Dans ces conditions, pourquoi ne pas proposer un exosquelette afin de soulager les corps des employés ? Sur le papier, ce dispositif à la Iron Man – excès hollywoodien en moins – semble une solution toute trouvée pour réduire la pénibilité du travail. En France, cela ne fait que 5 ans qu’ils sont envisagés. « En 2012, nous avons fait un exercice de prospection dont la thématique étaient les robots d'assistance physique en 2030 . Ce que l'on imaginait comme scénario pour le futur existe déjà. La progression est fulgurante. Les évolutions technologiques permettent de rendre plus attractifs et plus ludiques les exosquelettes pour le monde de l'entreprise, relate Jean-Jacques Atain-Kouadio. Mais il y a un effet de mode. Pour être dans l'air du temps, certaines entreprises se disent que ce serait bien d'intégrer un exosquelette. Ne pas en avoir serait être has-been. Cette technologie fait naitre de grands espoirs mais il y a beaucoup de confusion autour des exosquelettes. En réalité, leur champ d'application est beaucoup plus précis qu’il n’en a l’air », relativise l’ergonome de l’IRNS.
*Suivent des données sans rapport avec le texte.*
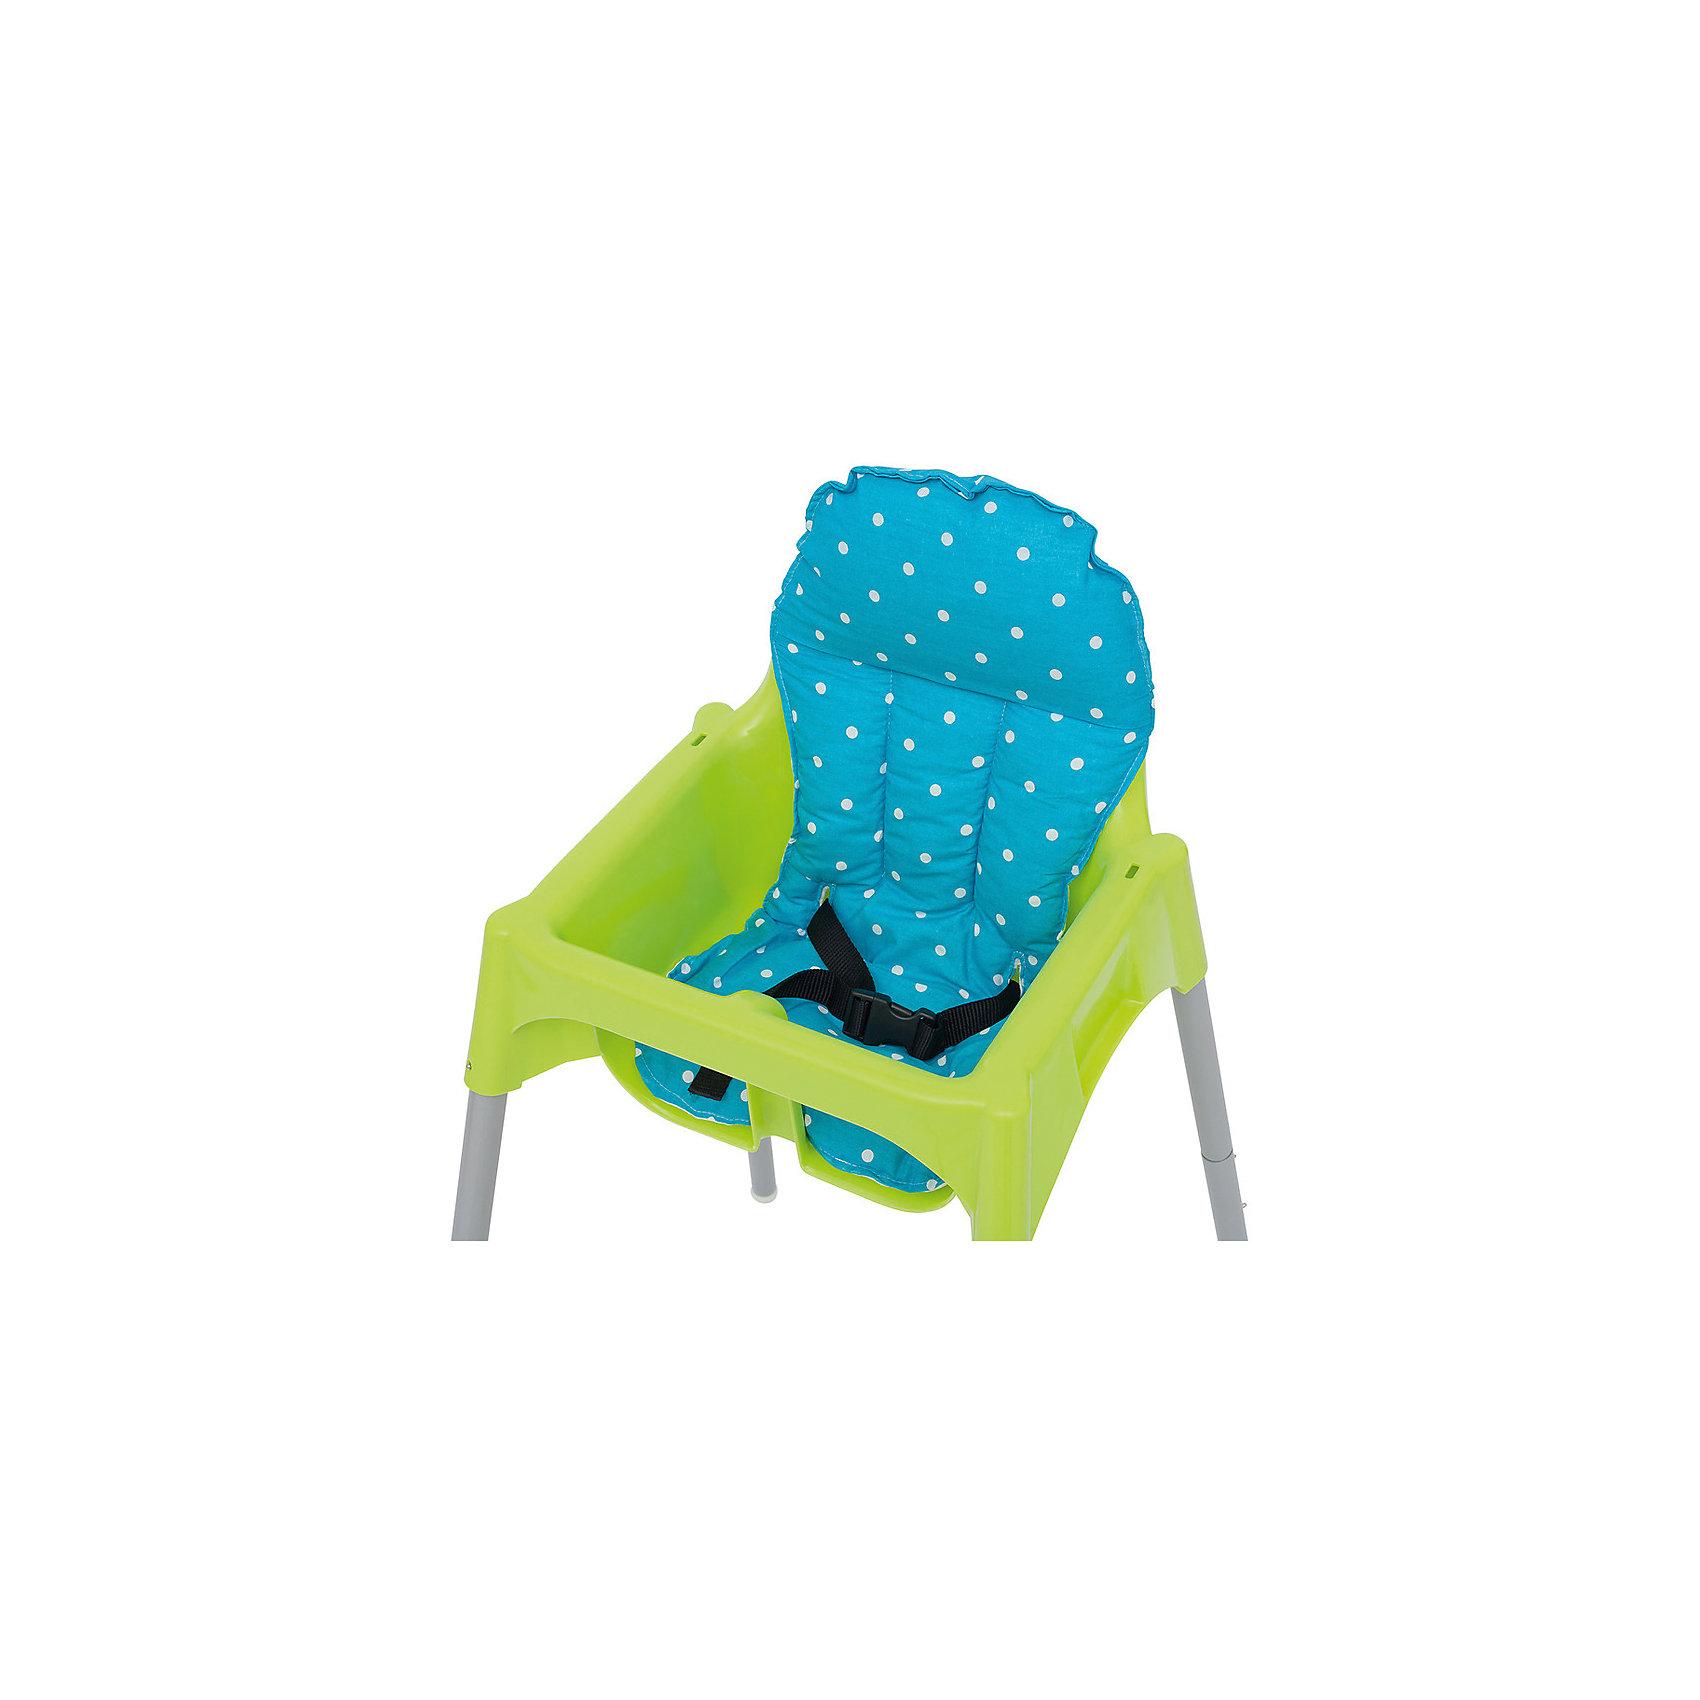 Стульчик для кормления Fiesta с вкладкой, Roxy-Kids, салатовыйОдна из важнейших задач родителей - обеспечить ребенку правильное и комфортное питание. Современные технологии помогают это сделать достаточно легко. Пример тому - стульчик для кормления ROXY-KIDS FIESTA.<br>Он имеет удобную конструкцию, стульчик можно установить на разных уровнях благодаря разборным ножкам. Изделие можно легко разобрать для перевозки. В стульчике - мягкая вкладка, которая легко стирается. Для безопасности малыша в конструкции предусмотрены 3-точечные ремни безопасности. Подарите удобство себе и ребенку!<br><br>Дополнительная информация:<br><br>цвет: разноцветный;<br>материал: полипропилен, сталь, хлопок, холлофайбер;<br>ножки разборные;<br>легко складывается;<br>есть мягкая вкладка;<br>3-точечные ремни безопасности;<br>разделитель для ног;<br>столик снимается;<br>максимальный вес ребенка: 15 кг;<br>съемный столик;<br>мягкая вкладка-сиденье;<br>размер: 280 х 430 х 440 мм;<br>вес: 4 кг.<br><br>Стульчик для кормления Fiesta с вкладкой Горошек от компании Roxy-Kids можно купить в нашем магазине.<br><br>Ширина мм: 280<br>Глубина мм: 430<br>Высота мм: 440<br>Вес г: 4300<br>Цвет: зеленый лайм<br>Возраст от месяцев: 6<br>Возраст до месяцев: 36<br>Пол: Унисекс<br>Возраст: Детский<br>SKU: 5000035

Les TMS sont en réalité des pathologies multifactorielles. Il y a bien sûr le facteur biomécanique qui entre en jeu mais également le facteur psycho-social, l’environnement, l’organisation, la cadence et la répétitivité de la tâche à effectuer. « Il n'y a rien qui prouve un apport en matière de répétitivité, l'un des facteurs de risques des TMS. Les travaux en laboratoire et les analyses sur le terrain montrent que la contribution d'un exosquelette pourrait avoir un effet sur les efforts effectifs et/ou sur le travail statique en fonction de l'activité. Rien n'est mis en avant sur la répétitivité ou les positions extrêmes », explique le chercheur. Les exosquelettes pourraient donc constituer une solution si la cause des TMS était unique, mais ce n’est pas le cas.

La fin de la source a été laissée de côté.